WHILE (@@FETCH_STATUS = 0) 
BEGIN
    --We loop
    --Warning: NEWID() is generated once per query, so we update the fullname in two queries.
    UPDATE Customers
        SET FirstName = (SELECT TOP 1 FirstName FROM Customers ORDER BY NEWID())
    WHERE id = @id
    UPDATE Customers
        SET LastName = (SELECT TOP 1 LastName FROM Customers ORDER BY NEWID())
    WHERE id = @id
    FETCH NEXT FROM mycursor INTO @id;
END

CLOSE mycursor;
DEALLOCATE mycursor;

select * from Customers
蓝眸 2024-08-17 11:01:43

Redgate 有相应的工具: http://www.red-gate.com/ products/SQL_Data_Generator/index.htm

没用过,但是redgate工具非常好。

编辑

它生成数据,而不是打乱,但仍然有用。

Redgate has tool for it: http://www.red-gate.com/products/SQL_Data_Generator/index.htm

Didn't use it, but redgate tools are very good.

EDIT

It generates data, not scrambles, but still can be useful.

↘紸啶 2024-08-17 11:01:43

我通过更改字段内的字母来扰乱数据一次。
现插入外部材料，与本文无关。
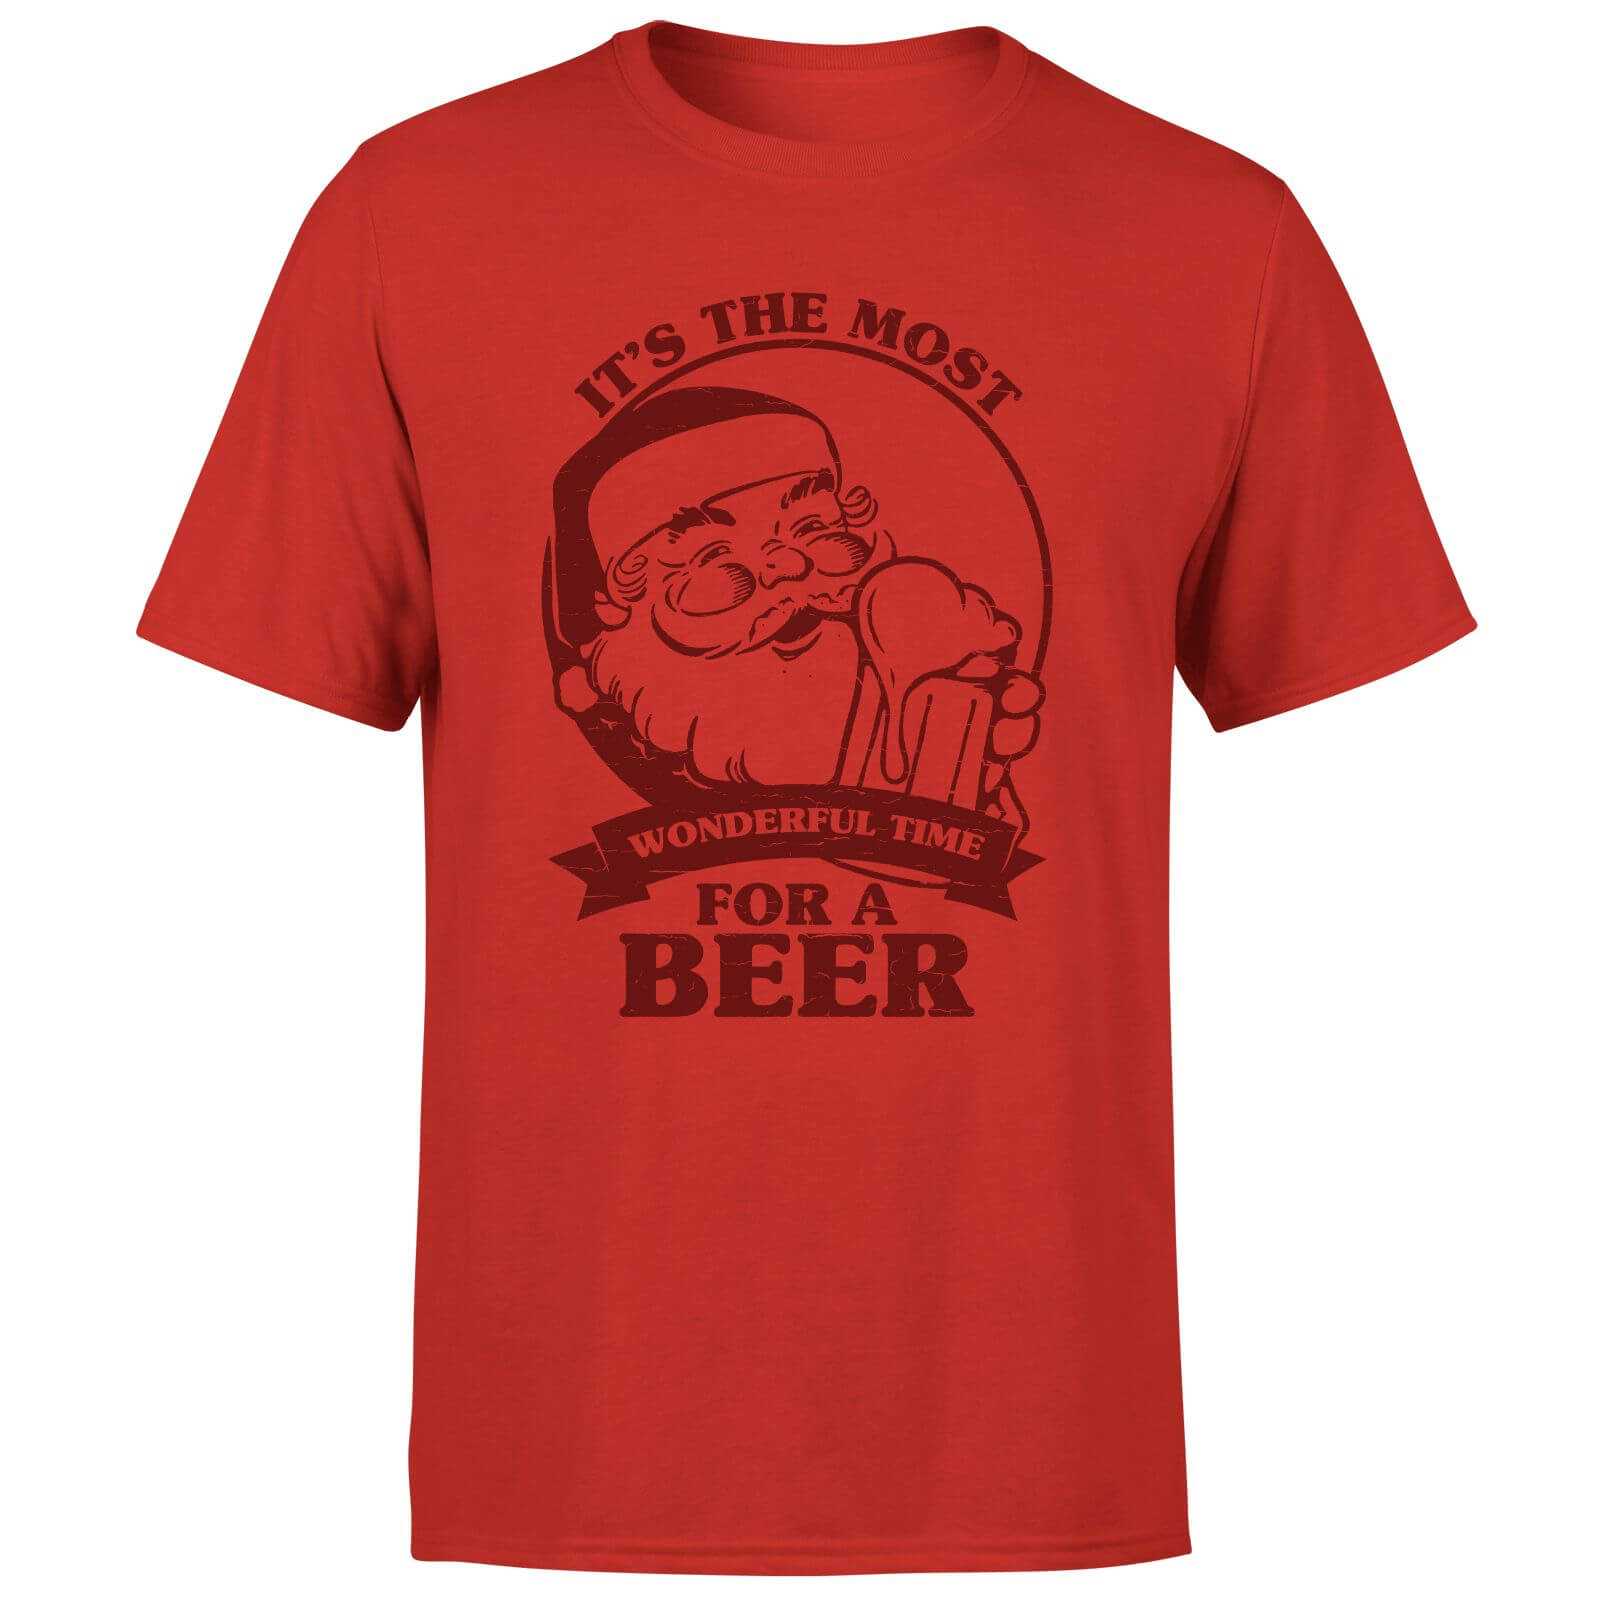 The Most Wonderful Time For A Beer T-Shirt - Red - S

所以,如果你有一个名字“Mike Smith”,并且你把所有的 i 改为 o,m 改为 l,e 改为 a,s 改为 t,t 改为 rr,你最终得到的结果

Moke Smoth
Loke Sloth
Loka Sloth
Loka Tloth
Loka Rrlorrh

足以使名称不可读,而且您也无法返回并确定它是什么(我更改了一些已经更改为字母的字母。)但是,它仍然是可读的。

I scrambled data once by changing letters within the field. So, if you have a name "Mike Smith" and you change all the i's to o's, the m's to l's, the e's to a's, the s's to t's, the t's to rr's, you end up with

Moke Smoth
Loke Sloth
Loka Sloth
Loka Tloth
Loka Rrlorrh

which was enough to make the name unreadable, and also you can't go back and determine what it was (I changed some letters which had already had letters changed to them.) But, it's still kind of readable.

甜柠檬 2024-08-17 11:01:43

不可能将数据保留在表中并以某种方式仅以混乱的形式显示。

您的选择是通过以某种方式打乱数据来替换数据、生成具有相同通用形式的新数据、编写一个函数(CLR 或 T-SQL)将其打乱作为您使用的查询的一部分,或者加密数据,在这种情况下,只有当用户也有适当的解密密钥时才能显示。

如果您决定替换数据,除了前面提到的 Red Gate 工具之外,您还可以考虑使用 Visual Studio Team Database 附带的数据生成器,或者可能是 Integration Services。如果您想从更复杂的转换中受益,后者可能特别有用。

It's not possible to just leave your data in the tables and somehow only display it in a scrambled form.

Your options are to either replace the data by scrambling it in some way, generate new data that's in the same general form, write a function (CLR or T-SQL) that scrambles it as part of the queries you use, or encrypt the data, in which case it can only be displayed if the user also has the appropriate decryption key.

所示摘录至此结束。